A Hitchhiker's Guide to Poisson Gradient Estimation
This provides practical guidance for computational neuroscience practitioners working with Poisson latent variable models, though it is incremental as it builds on existing methods.
The paper tackled the challenge of gradient estimation in Poisson-distributed latent variable models by systematically comparing Exponential Arrival Time (EAT) simulation and Gumbel-SoftMax relaxation, and introduced a modified EAT method that improved performance across metrics, often matching exact gradients.

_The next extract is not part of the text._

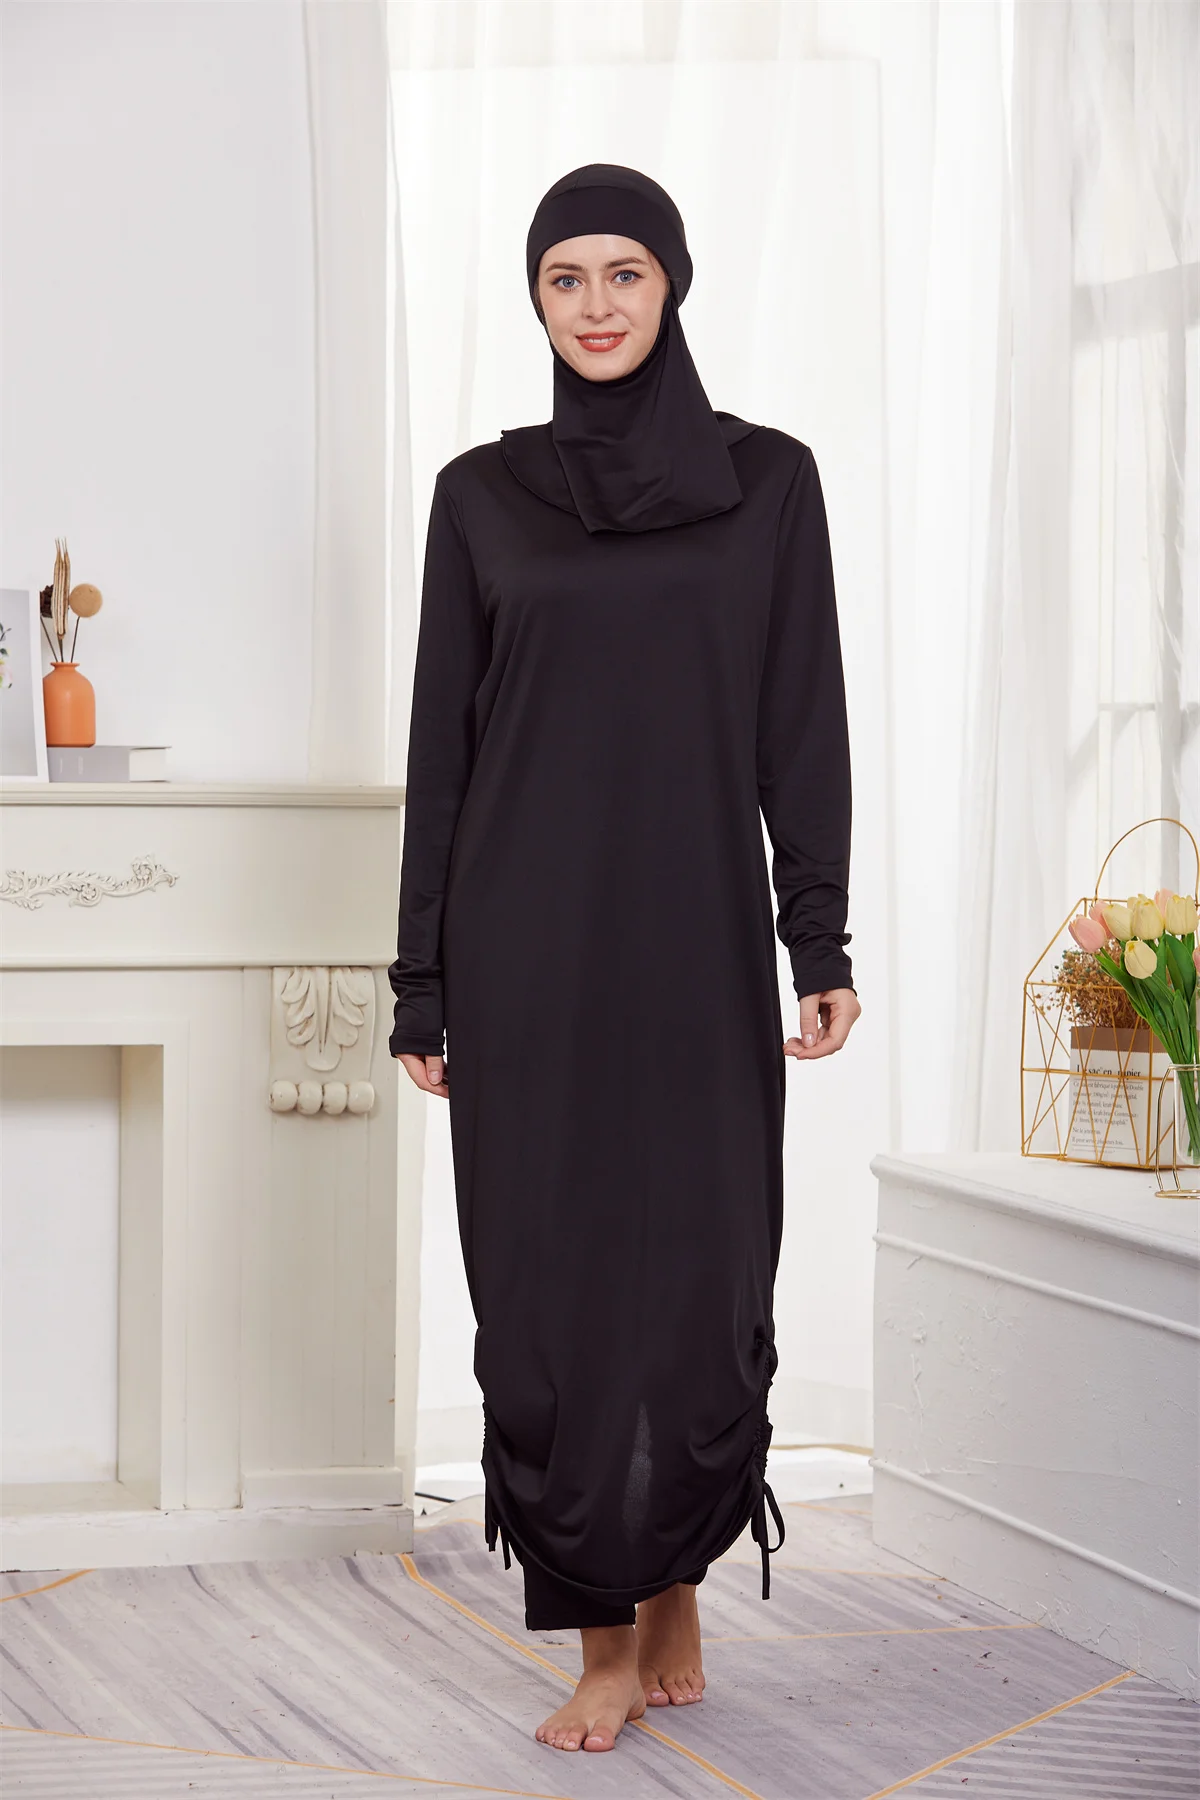 Мусульманские скромные буркини, женские купальники с длинным рукавом для всего тела, Исламский купальник, Пляжная одежда, комплекты шапочек-хиджабов для плавания 4

Poisson-distributed latent variable models are widely used in computational neuroscience, but differentiating through discrete stochastic samples remains challenging. Two approaches address this: Exponential Arrival Time (EAT) simulation and Gumbel-SoftMax (GSM) relaxation. We provide the first systematic comparison of these methods, along with practical guidance for practitioners. Our main technical contribution is a modification to the EAT method that theoretically guarantees an unbiased first moment (exactly matching the firing rate), and reduces second-moment bias. We evaluate these methods on their distributional fidelity, gradient quality, and performance on two tasks: (1) variational autoencoders with Poisson latents, and (2) partially observable generalized linear models, where latent neural connectivity must be inferred from observed spike trains. Across all metrics, our modified EAT method exhibits better overall performance (often comparable to exact gradients), and substantially higher robustness to hyperparameter choices. Together, our results clarify the trade-offs between these methods and offer concrete recommendations for practitioners working with Poisson latent variable models.